Meat Loaf’s bug-eyed antics make Stage Fright less painful to endure



As far as movies go, the horror-musical is a strange bird. How many horror freaks want a film’s unstoppable killer to break out in song seconds before committing his evil deed? That ruins the suspense. And how many Broadway devotees want to follow a viewing of Cats with a midnight screening of Hostel? That’s a lotta torture for one night.

Then again, I’ve gotta admit that the last horror-musical I saw—Saw II, III, and IV director Darren Lynn Bousman’s gory Repo! The Genetic Opera—was pretty entertaining. And who doesn’t love watching Tim Curry camp it up in The Rocky Horror Picture Show?

Unfortunately, the new horror-musical Stage Fright doesn’t do much to win folks over to the genre—though not for Meat Loaf’s lack of bug-eyed trying.

Ten years after their mother, Kylie Swanson (the slumming Minnie Driver), is gruesomely murdered backstage following her performance in The Haunting of the Opera, her teenage kids Camilla and Buddy (Allie MacDonald and Douglas Smith) find summer jobs as cooks at a kids’ musical-theatre camp run by failed producer Roger McCall (Loaf).

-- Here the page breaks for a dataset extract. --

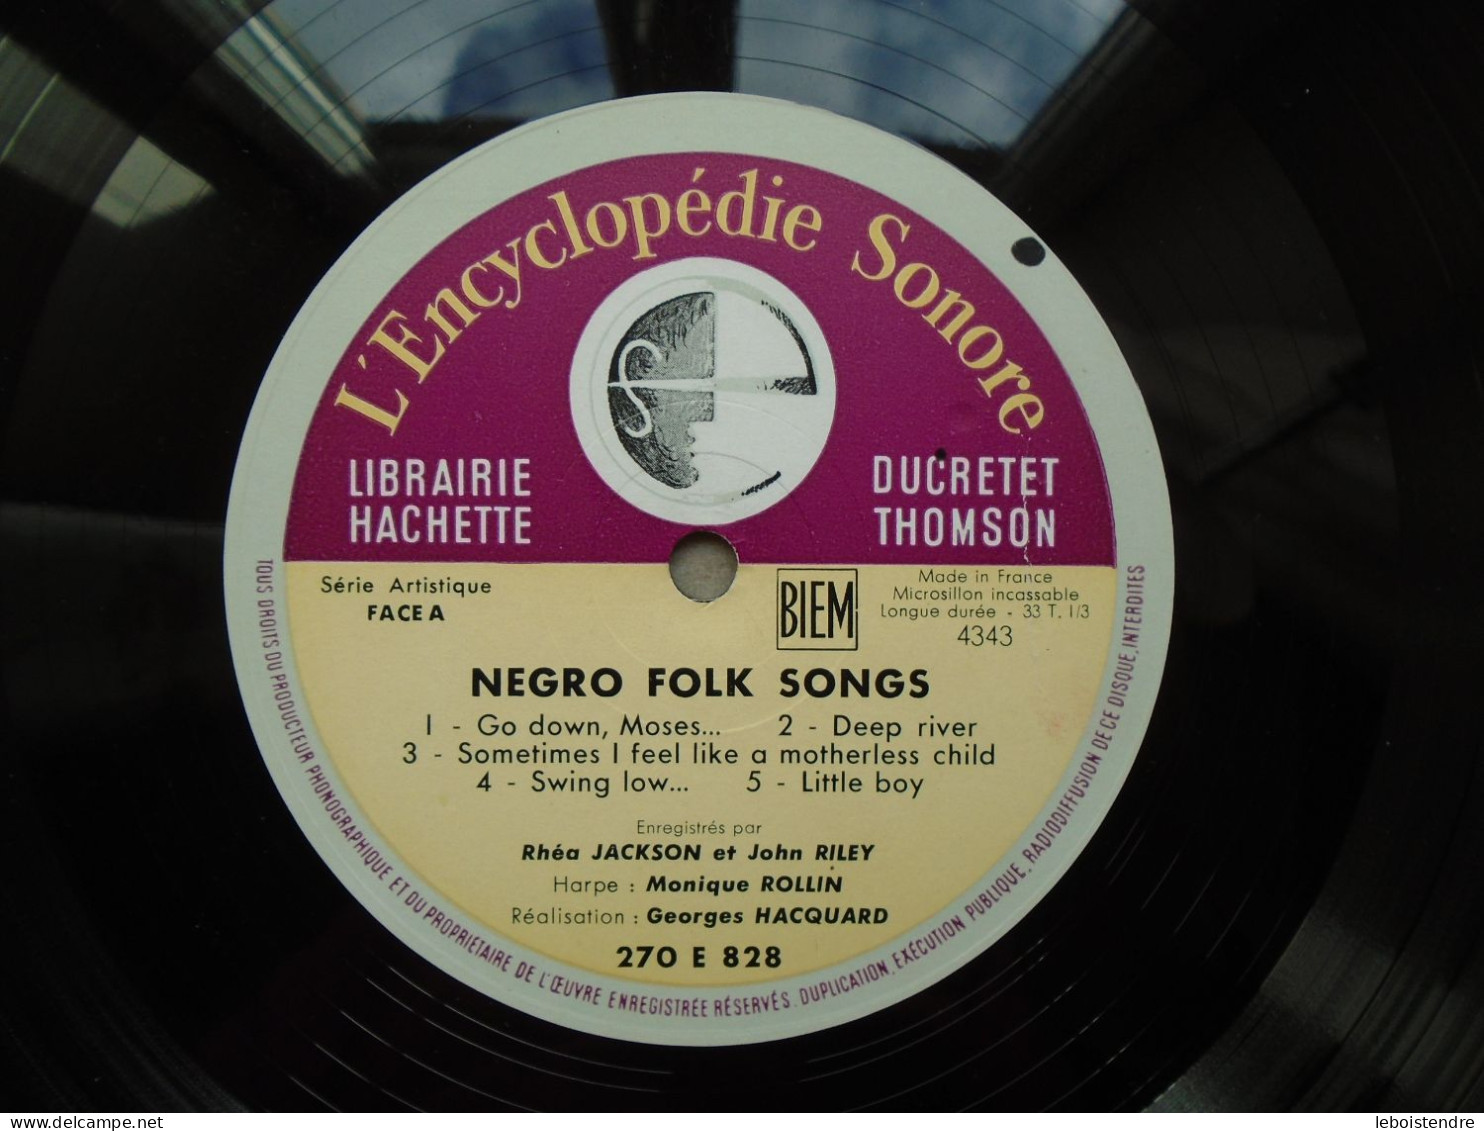 10" VINYLE NEGRO FOLK SONGS 270E828 + LIVRET L ENCYCLOPEDIE SONORE LIBRAIRIE HACHETTE RHEA JACKSON JOHN RILEY - Formati Speciali

When Camilla learns that they’re going to remount The Haunting—set in feudal Japan, no less!—she decides to audition, but there’s a kabuki-mask-wearing, metal-loving psycho on the loose who doesn’t agree that the show must go on. Suspicions are cast on Camilla’s jealous rival for the lead role and the camp’s creepy caretaker, among others.

“Isn’t it wrong to sing and dance when somebody died?” asks a little girl after the killer comically takes out one of the smarmier staffers, and—unless you’re a card-carrying member of the Glee fan club—you’ll wholeheartedly agree. But as utterly painful as Stage Fright is for its first hour or so, the film is saved somewhat by the final act’s delirious pacing, over-the-top performances, and comedic death scenes.

Once Meat turns up the heat it’s hard to look away, although plugging your ears is always an option.